§ WHAT IS NEEDED: Among the lines below, the one containing "Science Night Live" opens the range and the one containing "Full Moon 2" closes it. Print that range exactly, without the pictures.

** SUPPLIED DATA follows **

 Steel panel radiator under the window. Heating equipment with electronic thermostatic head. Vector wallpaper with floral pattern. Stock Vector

** End of SUPPLIED DATA **
** SUPPLIED DATA follows **

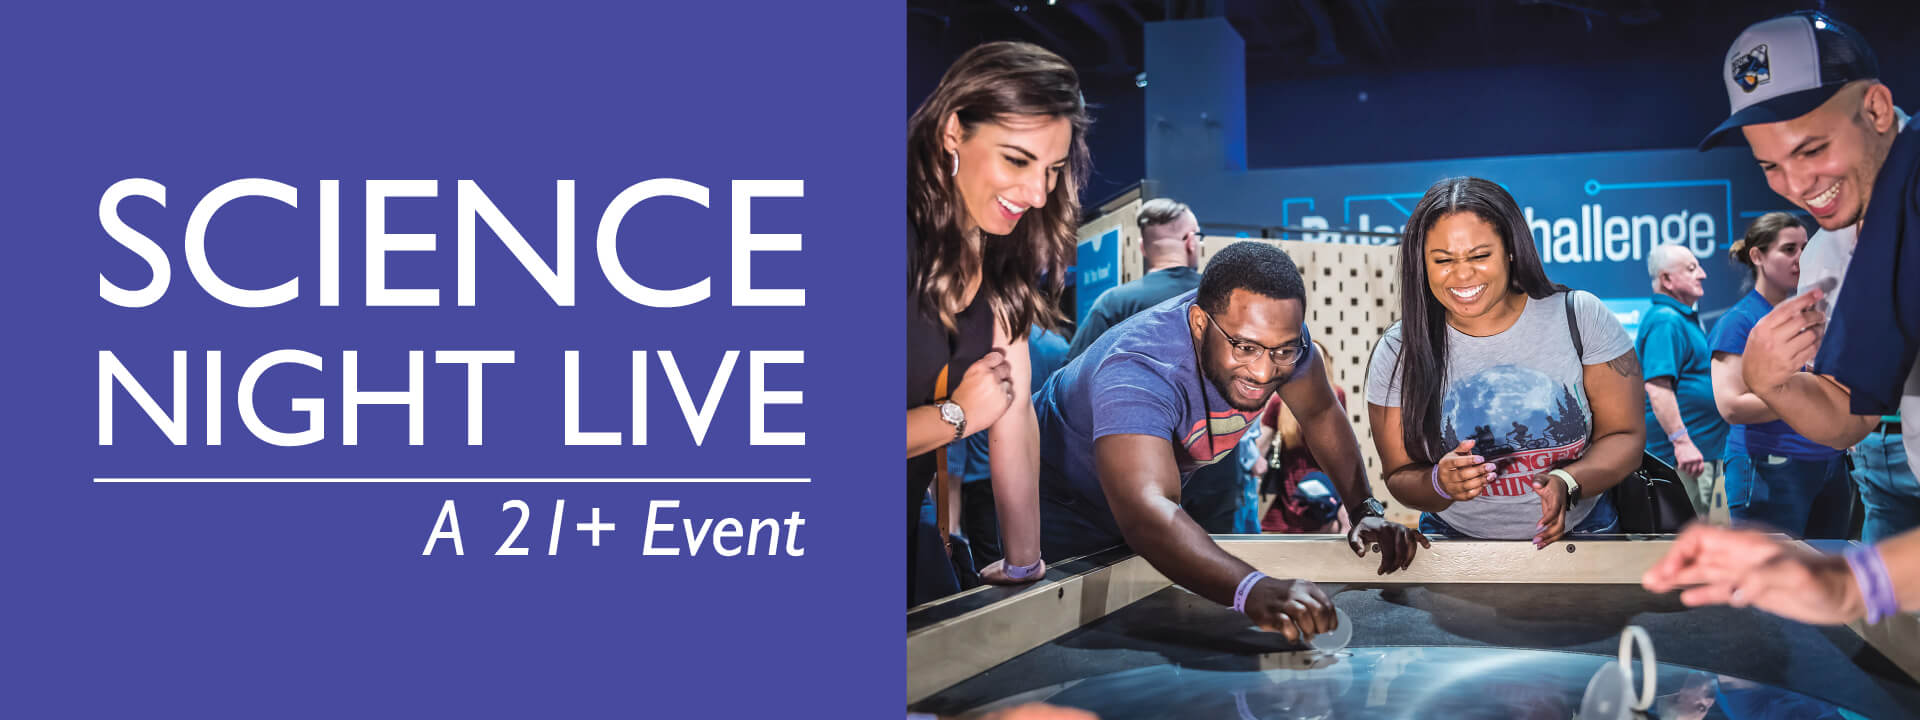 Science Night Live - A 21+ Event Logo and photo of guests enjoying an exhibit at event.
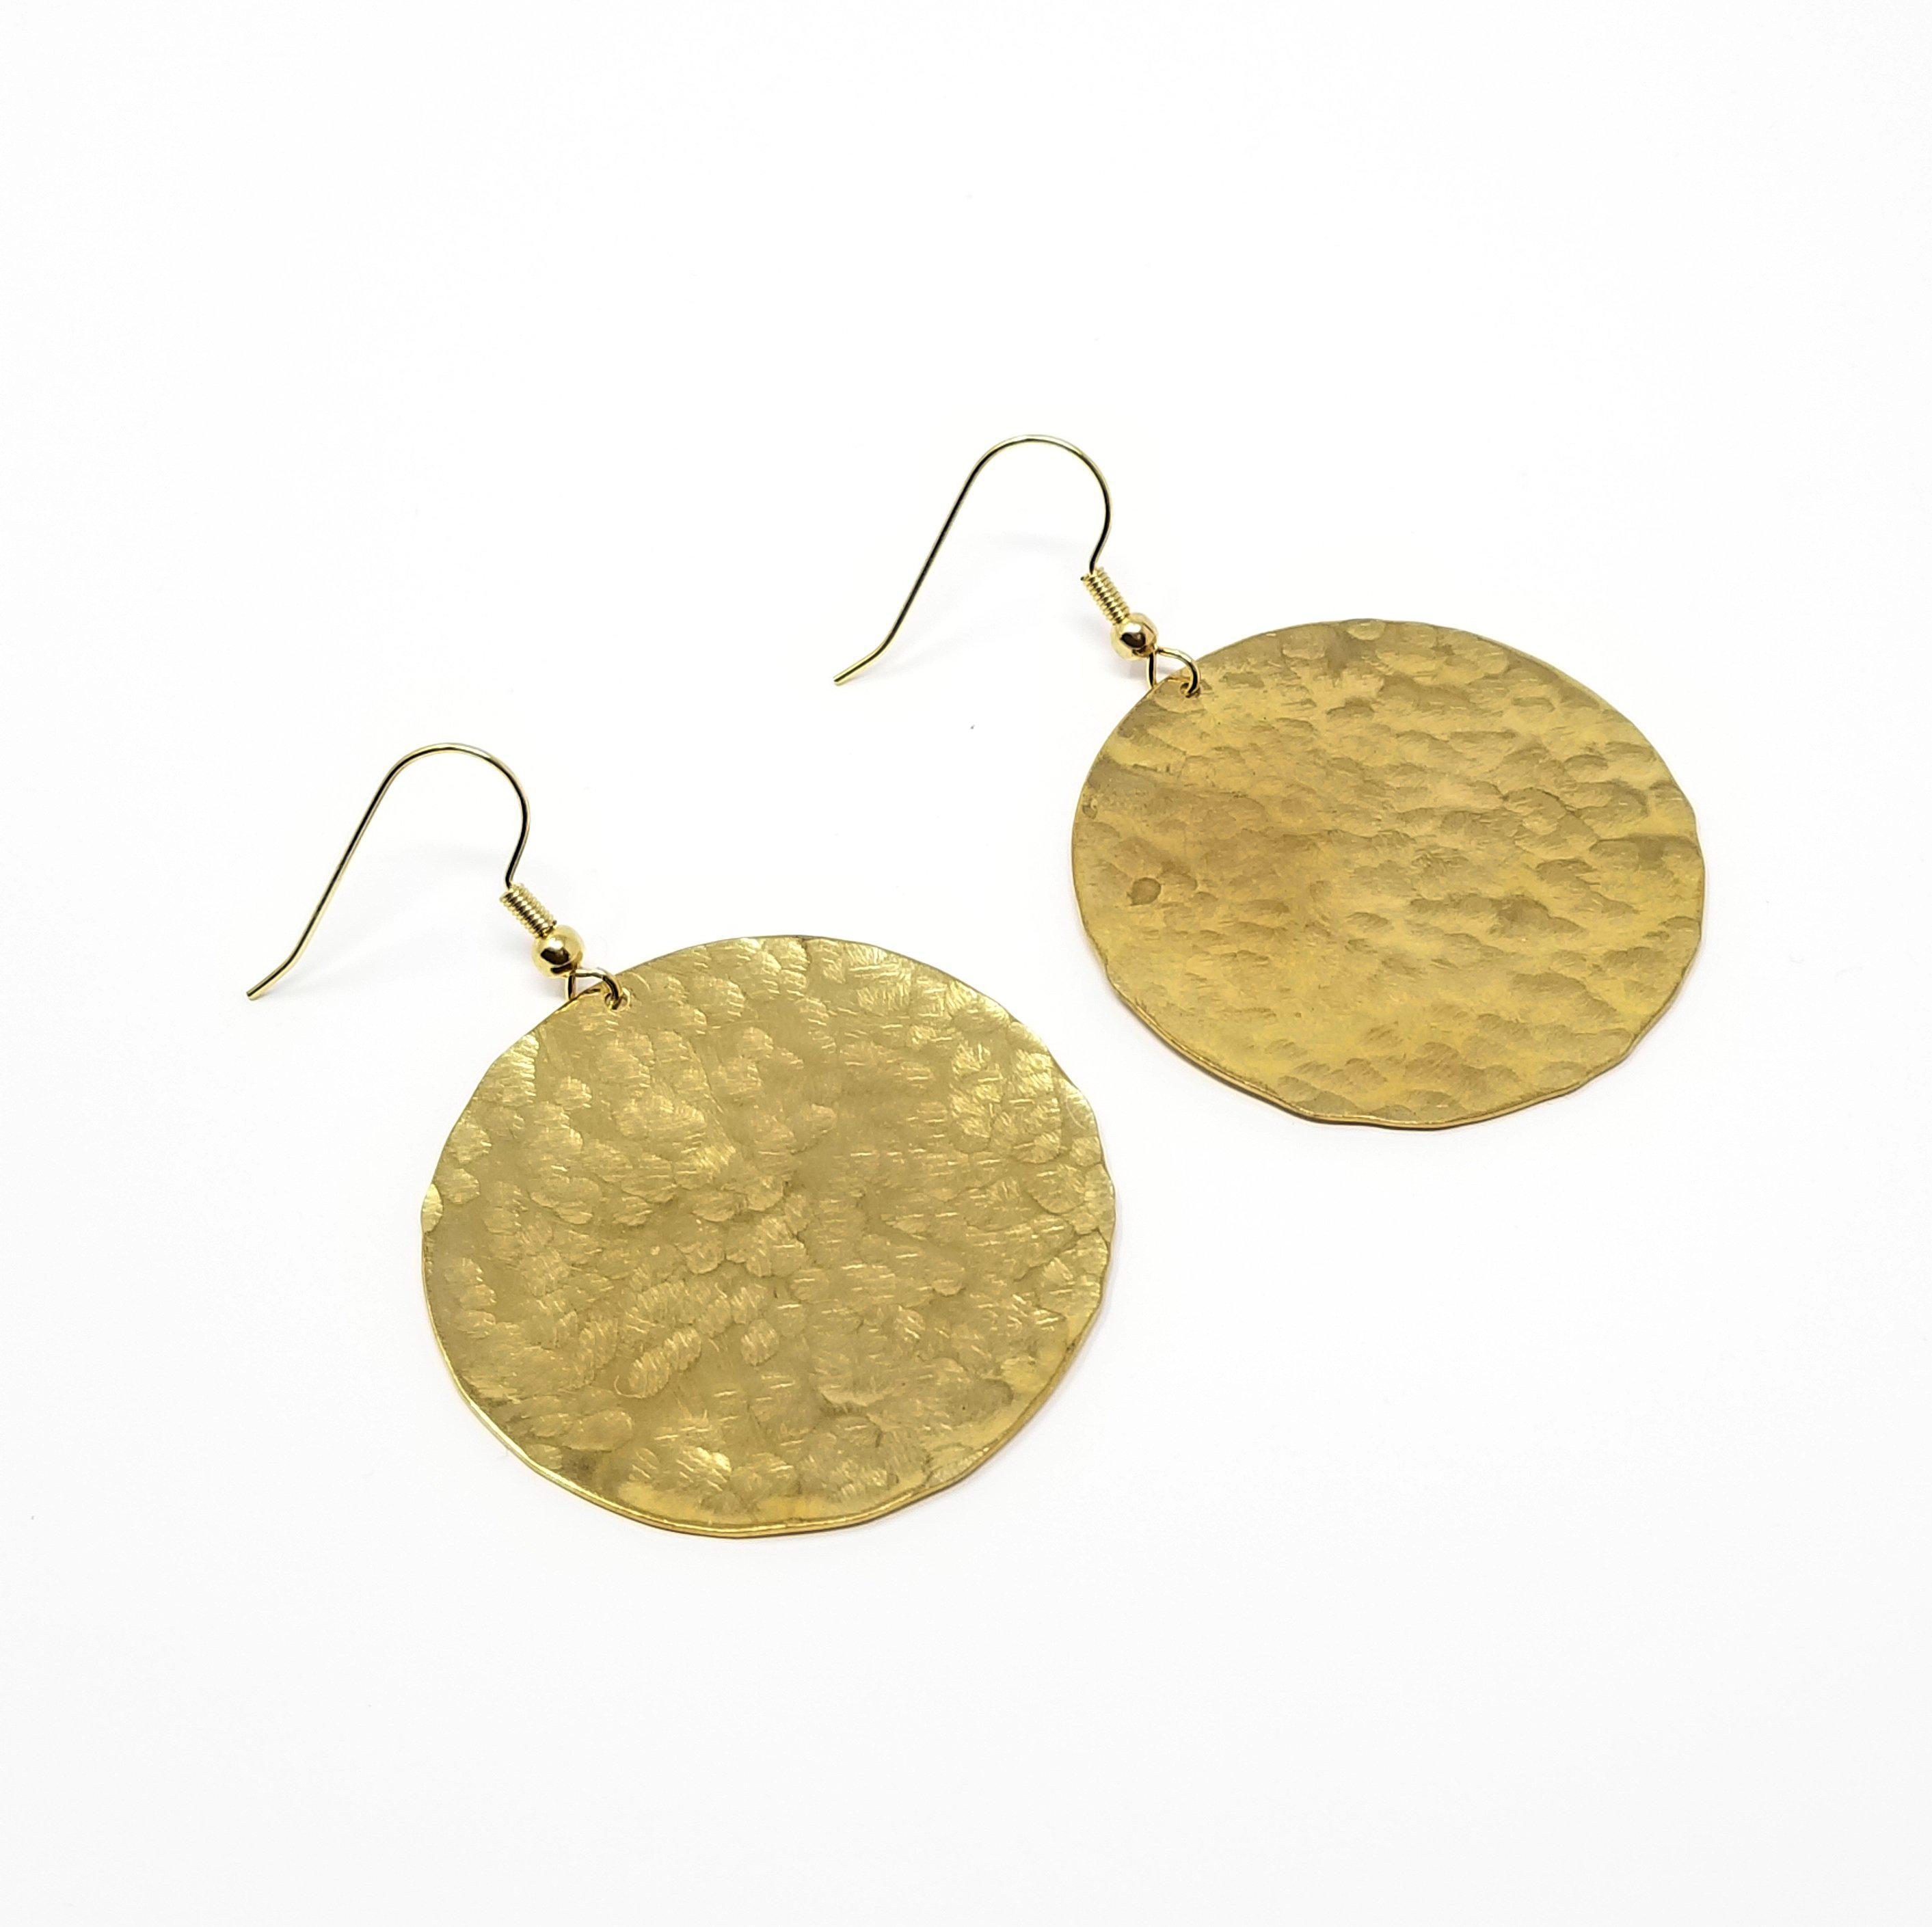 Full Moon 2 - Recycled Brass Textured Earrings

** End of SUPPLIED DATA **
** SUPPLIED DATA follows **

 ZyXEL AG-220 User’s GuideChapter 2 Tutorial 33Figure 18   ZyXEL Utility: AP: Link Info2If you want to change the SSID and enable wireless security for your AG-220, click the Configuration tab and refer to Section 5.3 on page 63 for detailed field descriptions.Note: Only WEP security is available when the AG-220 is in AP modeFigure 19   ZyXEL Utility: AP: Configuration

** End of SUPPLIED DATA **

§ SOLUTION TO THIS EXERCISE:
 Science Night Live - A 21+ Event Logo and photo of guests enjoying an exhibit at event.
 Full Moon 2 - Recycled Brass Textured Earrings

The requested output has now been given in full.